Now for any complex matrix such as $A$ we observe that $AA^\dagger$ is self-adjoint:
$(AA^\dagger)^\dagger = (A^\dagger)^\dagger A^\dagger = AA^\dagger, \tag 4$
since
$(A^\dagger)^\dagger = A; \tag 5$
furthermore, $AA^\dagger$ is positive semidefinite, viz,
$x^\dagger (AA^\dagger x) = (x^\dagger A)(A^\dagger x) = (A^\dagger x)^\dagger (A^\dagger x) \ge 0. \tag 6$
Now the matrix $AA^\dagger + BB^\dagger$ also enjoys these two properties, self-adjointness and positive semi-definiteness, as may easily be see in a fashion similar to (4)-(6):
$(AA^\dagger + BB^\dagger)^\dagger = (AA^\dagger)^\dagger + (BB^\dagger)^\dagger = AA^\dagger + BB^\dagger, \tag 7$
where we have deployed (4), and also
$x^\dagger ((AA^\dagger + BB^\dagger)x) = x^\dagger(AA^\dagger x + BB^\dagger x) = x^\dagger(AA^\dagger x) + x^\dagger (BB^\dagger x) \ge 0, \tag 8$
since each term on the right of this equation is non-negative by way of (6).

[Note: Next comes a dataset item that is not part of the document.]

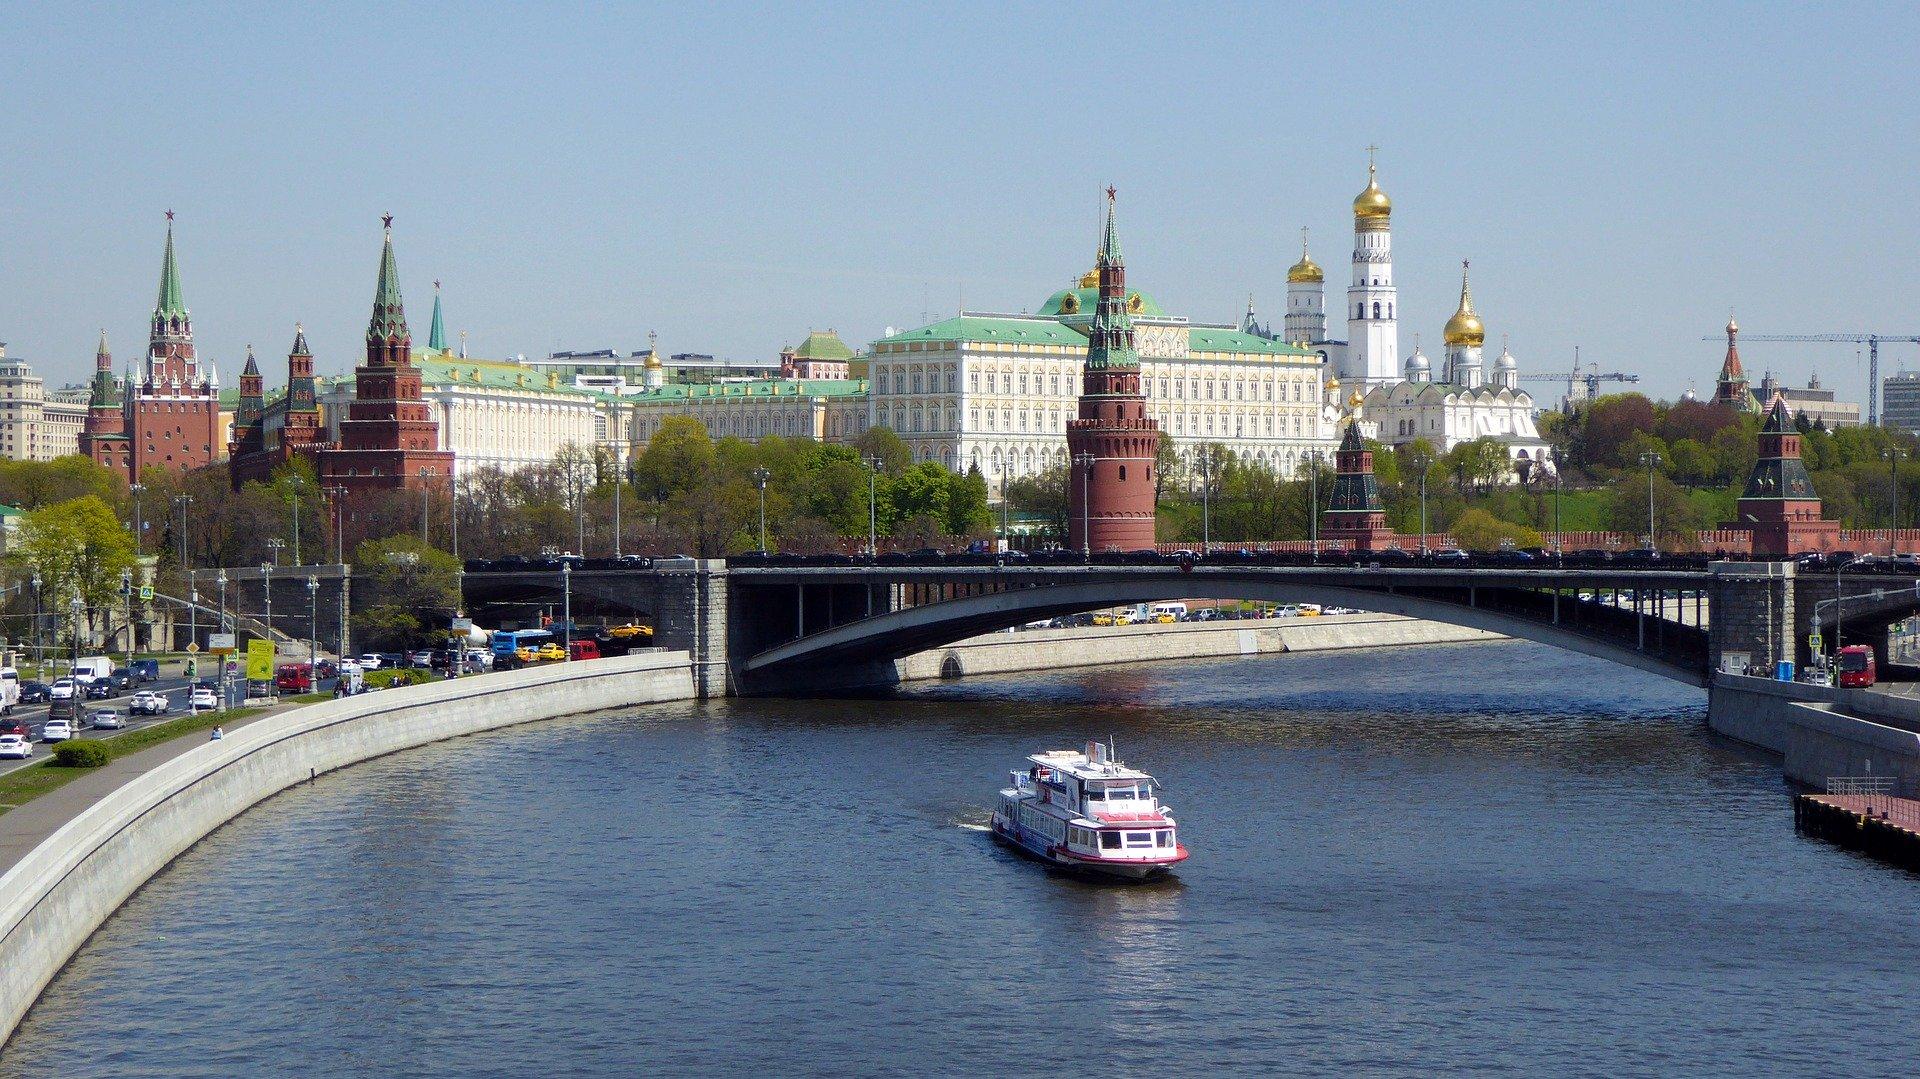 שייט נהרות: וולגה - סנט פטרסבורג - מוסקבה  | 3.9.20 | 2090 דולר | 11 ימים, 10 לילות | MS CRUCELAKE

At this point we pause to note once again that if $A$ and $B$ are real matrices, everything we have done so far still binds; in the real case, we simply have $\bar A = A$ and hence
$A^\dagger = (\bar A)^T = A^T \tag 9$
etc.
The matrix $AA^\dagger + BB^\dagger$, being self-adjoint, may diagonalized by a unitary matrix $U$, as is well-known; that is, there is a complex matrix $U$ such that
$U^\dagger U = UU^\dagger = I, \tag{10}$
and
$U(AA^\dagger + BB^\dagger)U^\dagger = D, \tag{11}$
where $D$ is a diagonal matrix; furthermore, $D$ is itself is self-adjoint:
$D^\dagger = (U^\dagger)^\dagger(AA^\dagger + BB^\dagger)^\dagger U^\dagger = U(AA^\dagger + BB^\dagger)U^\dagger = D \tag{12}$
(where we have made use of (7)), which implies that all the entries of $D$ are real; obviously, the off-diagonal elements, being $0$, are real; furthermore, the diagonal elements of $D$ satisfy
$D_{ii} = (D^\dagger)_{ii} = ((\bar D)^T)_{ii} = \bar D_{ii}, \tag{13}$
hence they are also all real, and since it follows from (8) and (11) that
$x^\dagger D x = x^\dagger U^\dagger (AA^\dagger + BB^\dagger)Ux = (Ux)^\dagger (AA^\dagger + BB^\dagger)Ux \ge 0; \tag{14}$
we thus find that $D$ is positive semi-definite, and from here it is but an easy step to see that the diagonal entries of $D$ obey
$D_{ii} \ge 0. \tag{15}$
By virtue of (15) we may define the diagonal matrix $\sqrt D$ such that
$(\sqrt D)_{ij} = [\delta_{ij} (\sqrt D)_{ii}]; \tag{16}$
it is clear that
$(\sqrt D)^\dagger = \sqrt D, \tag{17}$
and furthermore that
$(\sqrt D)^2 = D; \tag{18}$
thus, from (11),
$(U^\dagger \sqrt D U)(U^\dagger \sqrt D U) = U^\dagger \sqrt D UU^\dagger \sqrt D U = U\dagger \sqrt D I \sqrt D U = U^\dagger (\sqrt D)^2 U = U^\dagger D U$ $= U^\dagger (U(AA^\dagger + BB^\dagger)U^\dagger)U = (U^\dagger U)(AA^\dagger + BB^\dagger)(U^\dagger U)$ $= I(AA^\dagger + BB^\dagger)I = AA^\dagger + BB^\dagger; \tag{19}$
if we now set
$C = U^\dagger \sqrt D U, \tag{20}$
we see that $C$ is self-adjoint:
$C^\dagger = (U^\dagger \sqrt D U)^\dagger = U^\dagger (\sqrt D)^\dagger (U^\dagger)^\dagger = U^\dagger \sqrt D U = C, \tag{21}$
and (19) yields
$C^\dagger C = C^2 = ( U^\dagger \sqrt D U)^2 = AA^\dagger + BB^\dagger, \tag{22}$
as desired. We note that the procedure followed above provides a de facto recipe for explicitly computing $C$.